As there is both a constant competition among the plants for light and the nutrient-rich soil, almost every tree serves also as host for one or more climbing plants such as the strangler fig.
After three nights and dozens of mosquito and sand flies bites I flew back to La Paz (3700masl) to acclimatize for the next adventure in Bolivia, the ascent of Huayna Potosi (6088masl). Due to bad experiences with altitude sick mountaineering buddies I decided to book a private guide for the three day trip, a bargain at slightly above 200 USD. Back home, the train ticket to the “Top of Europe, Jungfraujoch” is more expensive than this exclusive private guided tour.
The rental gear was top-notch and the food prepared by our cook Elio better than in many La Paz restaurants.
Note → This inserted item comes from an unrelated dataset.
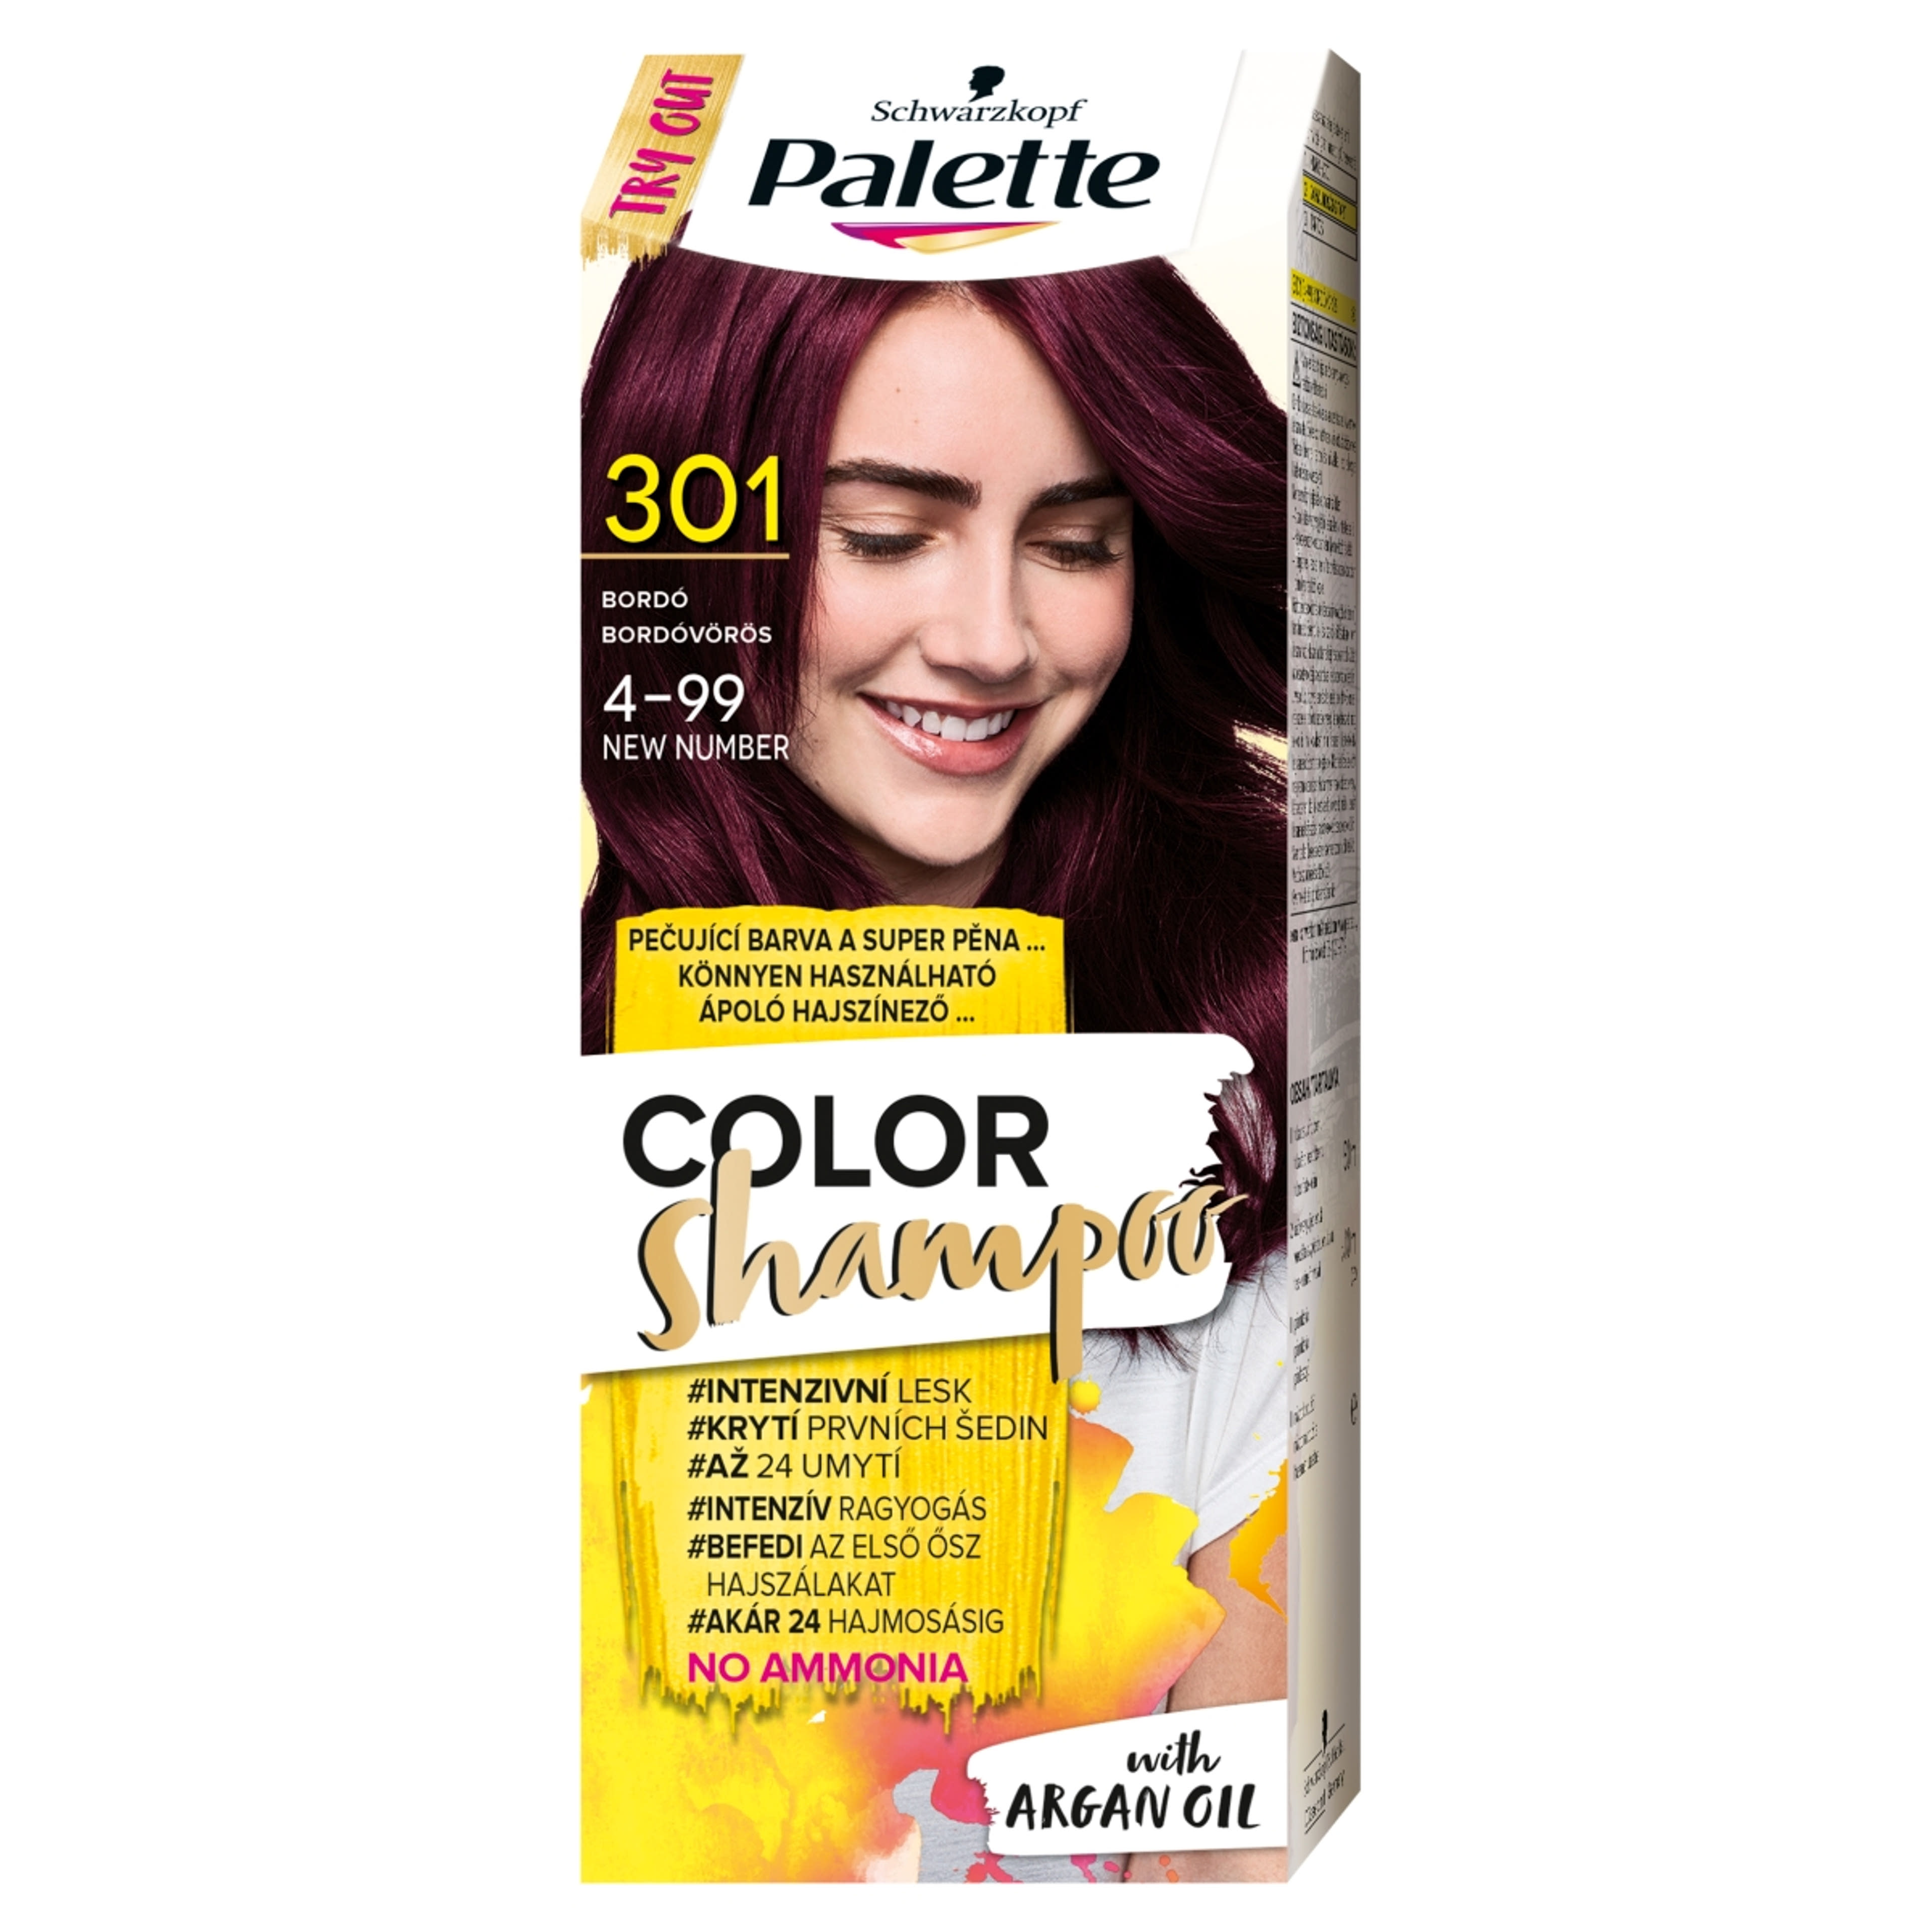 Schwarzkopf Palette Color Shampoo hajfesték 301 bordóvörös - 1 db-1

On the first day we drove to the Base Camp (4700masl) and did some training on the glacier, on the following day we carried all gear to the Rock Camp (5130masl) and rested in the afternoon. At 1.30 in the morning we started our ascent to the summit, the night was clear, far below the lights of La Paz could be seen and the temperature was comfortable (-5C, no wind). Although not too technical, the ascent was exhausting due to 10-20cm fresh-fallen snow and the thin air (air pressure at 5500masl is around 0.5, meaning that every breath supplies the lung with only half the O2 than it would do on sea level). Our timing was perfect, as we reached the summit shortly after sunrise, providing a top photo opportunity to me.
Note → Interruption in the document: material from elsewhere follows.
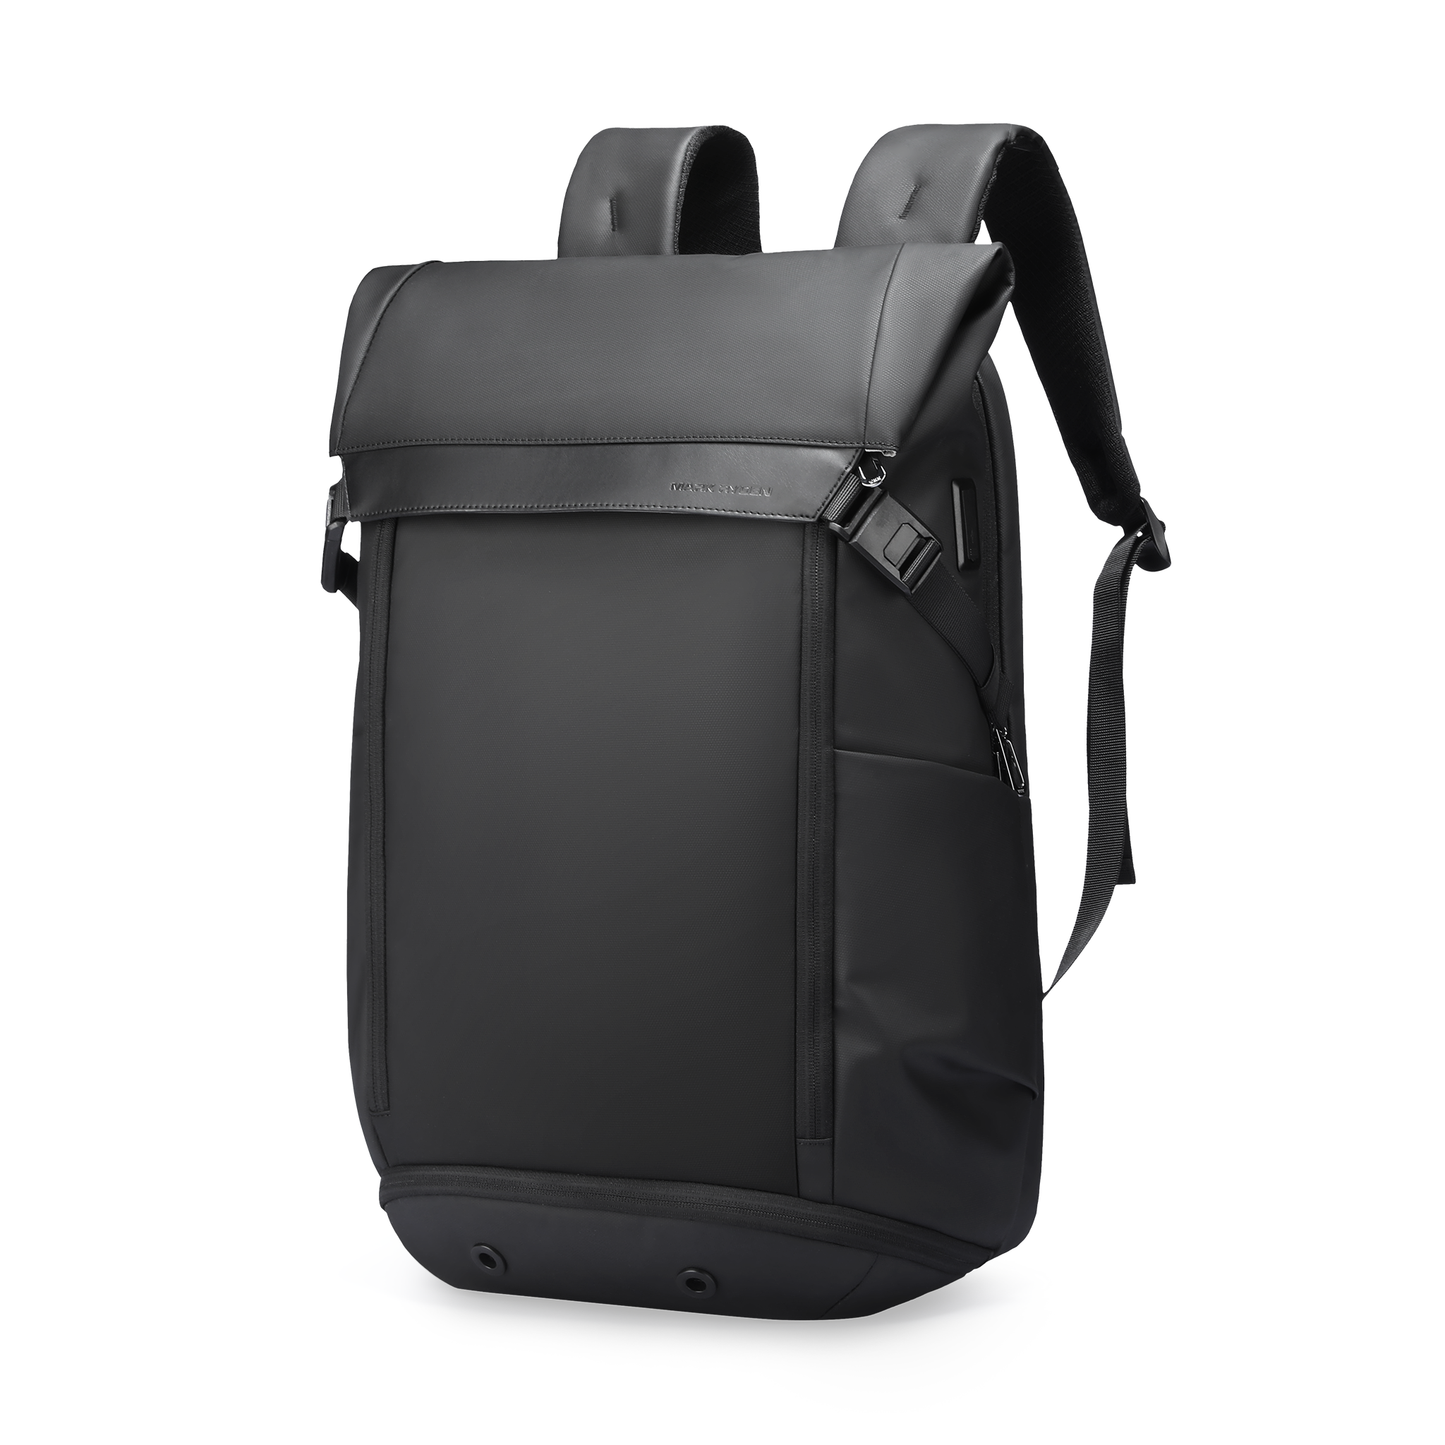 Urban Travel:  Multifunctional backpack

After a long awaited hot shower back in La Paz I signed in for the most famous day trip around La Paz, the downhill bike ride along the “World´s Most Dangerous Road” (North Yungas Road, Road of Death or Road of Fate). The road first ascends from La Paz to around 4650masl at La Cumbre Pass, before descending to 1200masl at the town of Coroico. Until 2006 the slippery, narrow, step and unpaved road caused every year around 300 casualties (i.e collisions, vehicles falling down into the abyss), but with the building of the new paved alternative route for the traffic, the old road remains a tourist magnet. The 3h to 4h downhill ride isn´t as dangerous as proclaimed, as there is almost no oncoming traffic, the bikes and particularly the disc brakes are first grade (depending on the company you go with, but you shouldn´t go for the cheapest option, when a failing break means a serious accident or death). As long as one isn´t to self-confident or going too fast, I rate biking in a busy city such as La Paz more dangerous than this road. The views are breathtaking when biking next to the several hundred meters deep abyss. By the way, the only person in our group that crashed during the ride was our guide! He took one of the curves to confident and fast, and the bike slipped away. Nothing serious, except some scrapes at the forearm.
The next stop, Lake Titicaca at the border with Peru promises less adrenalin and challenges, but some nice scenery and easy hikes.